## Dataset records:

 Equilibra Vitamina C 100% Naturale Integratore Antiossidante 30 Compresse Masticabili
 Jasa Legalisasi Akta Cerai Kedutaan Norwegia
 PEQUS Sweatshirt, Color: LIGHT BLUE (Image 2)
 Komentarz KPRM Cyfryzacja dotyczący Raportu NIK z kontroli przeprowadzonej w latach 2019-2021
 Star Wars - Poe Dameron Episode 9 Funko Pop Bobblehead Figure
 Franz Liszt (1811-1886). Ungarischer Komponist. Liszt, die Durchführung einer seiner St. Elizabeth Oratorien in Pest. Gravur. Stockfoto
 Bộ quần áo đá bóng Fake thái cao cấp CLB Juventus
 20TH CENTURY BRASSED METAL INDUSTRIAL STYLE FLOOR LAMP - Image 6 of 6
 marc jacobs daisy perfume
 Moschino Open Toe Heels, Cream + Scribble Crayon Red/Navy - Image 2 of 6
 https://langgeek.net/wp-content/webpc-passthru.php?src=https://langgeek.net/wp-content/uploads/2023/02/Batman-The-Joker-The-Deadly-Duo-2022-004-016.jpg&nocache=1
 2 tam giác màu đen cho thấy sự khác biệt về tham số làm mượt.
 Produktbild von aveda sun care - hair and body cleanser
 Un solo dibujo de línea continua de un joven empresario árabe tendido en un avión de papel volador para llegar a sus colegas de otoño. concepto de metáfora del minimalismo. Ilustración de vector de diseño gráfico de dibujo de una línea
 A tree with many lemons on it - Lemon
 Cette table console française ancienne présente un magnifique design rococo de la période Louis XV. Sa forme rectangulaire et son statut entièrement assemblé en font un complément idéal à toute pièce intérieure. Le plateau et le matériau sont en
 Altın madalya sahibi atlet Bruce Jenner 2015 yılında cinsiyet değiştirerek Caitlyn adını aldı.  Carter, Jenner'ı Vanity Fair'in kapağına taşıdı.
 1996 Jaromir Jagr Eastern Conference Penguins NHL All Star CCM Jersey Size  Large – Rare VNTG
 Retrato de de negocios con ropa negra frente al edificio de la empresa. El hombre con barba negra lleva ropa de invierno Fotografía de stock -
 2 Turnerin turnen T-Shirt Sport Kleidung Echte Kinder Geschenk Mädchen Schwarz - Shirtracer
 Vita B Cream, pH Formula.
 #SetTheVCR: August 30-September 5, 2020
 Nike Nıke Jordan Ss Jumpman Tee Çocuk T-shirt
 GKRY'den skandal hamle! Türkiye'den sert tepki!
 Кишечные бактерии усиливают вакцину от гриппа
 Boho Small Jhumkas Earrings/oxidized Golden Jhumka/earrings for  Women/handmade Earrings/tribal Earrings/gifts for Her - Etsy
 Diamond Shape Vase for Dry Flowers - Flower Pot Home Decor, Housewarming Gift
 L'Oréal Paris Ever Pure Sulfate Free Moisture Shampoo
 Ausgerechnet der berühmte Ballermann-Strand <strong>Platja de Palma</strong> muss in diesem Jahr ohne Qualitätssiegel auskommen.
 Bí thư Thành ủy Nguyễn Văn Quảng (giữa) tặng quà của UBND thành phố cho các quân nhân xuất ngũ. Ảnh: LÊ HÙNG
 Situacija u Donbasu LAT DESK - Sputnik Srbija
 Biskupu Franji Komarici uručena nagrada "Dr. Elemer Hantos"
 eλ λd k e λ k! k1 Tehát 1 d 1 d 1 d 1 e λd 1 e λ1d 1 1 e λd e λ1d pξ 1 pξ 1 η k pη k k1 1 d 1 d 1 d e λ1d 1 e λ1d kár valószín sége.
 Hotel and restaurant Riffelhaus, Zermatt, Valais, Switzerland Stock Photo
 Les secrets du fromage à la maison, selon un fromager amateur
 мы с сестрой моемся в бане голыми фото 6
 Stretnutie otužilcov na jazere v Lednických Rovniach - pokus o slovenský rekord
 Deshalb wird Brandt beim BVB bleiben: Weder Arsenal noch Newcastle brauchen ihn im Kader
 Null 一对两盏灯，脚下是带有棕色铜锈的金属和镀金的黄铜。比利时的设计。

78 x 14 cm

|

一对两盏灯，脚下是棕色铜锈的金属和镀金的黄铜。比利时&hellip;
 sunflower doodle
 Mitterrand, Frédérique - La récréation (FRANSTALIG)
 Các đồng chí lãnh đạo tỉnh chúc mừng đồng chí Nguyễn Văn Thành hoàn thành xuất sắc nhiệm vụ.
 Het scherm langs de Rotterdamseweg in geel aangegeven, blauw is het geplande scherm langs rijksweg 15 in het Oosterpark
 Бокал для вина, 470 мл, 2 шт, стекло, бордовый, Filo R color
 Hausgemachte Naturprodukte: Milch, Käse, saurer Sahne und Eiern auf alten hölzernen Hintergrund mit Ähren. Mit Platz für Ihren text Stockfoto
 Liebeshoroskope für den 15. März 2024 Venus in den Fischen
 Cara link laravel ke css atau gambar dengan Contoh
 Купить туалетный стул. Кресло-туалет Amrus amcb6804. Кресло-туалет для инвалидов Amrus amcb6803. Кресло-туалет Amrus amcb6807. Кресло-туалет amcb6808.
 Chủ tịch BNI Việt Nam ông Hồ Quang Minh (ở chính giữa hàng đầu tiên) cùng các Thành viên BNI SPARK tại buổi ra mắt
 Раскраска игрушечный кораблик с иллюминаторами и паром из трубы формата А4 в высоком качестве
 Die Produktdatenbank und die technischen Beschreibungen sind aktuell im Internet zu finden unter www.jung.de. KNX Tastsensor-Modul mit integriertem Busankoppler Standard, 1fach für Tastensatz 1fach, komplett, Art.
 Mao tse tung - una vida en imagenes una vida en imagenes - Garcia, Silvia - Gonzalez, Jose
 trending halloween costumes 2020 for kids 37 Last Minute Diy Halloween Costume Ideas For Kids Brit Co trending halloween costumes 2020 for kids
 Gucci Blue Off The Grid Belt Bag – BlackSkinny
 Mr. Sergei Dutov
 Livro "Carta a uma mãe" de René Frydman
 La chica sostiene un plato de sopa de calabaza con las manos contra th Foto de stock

## What is needed:
Retype only the stretch of lines above starting at the one with "Het scherm langs" and stopping at the one with "Hausgemachte Naturprodukte: Milch, Käse, saurer", exactly as written, with both kept.

## Solution below:
 Het scherm langs de Rotterdamseweg in geel aangegeven, blauw is het geplande scherm langs rijksweg 15 in het Oosterpark
 Бокал для вина, 470 мл, 2 шт, стекло, бордовый, Filo R color
 Hausgemachte Naturprodukte: Milch, Käse, saurer Sahne und Eiern auf alten hölzernen Hintergrund mit Ähren. Mit Platz für Ihren text Stockfoto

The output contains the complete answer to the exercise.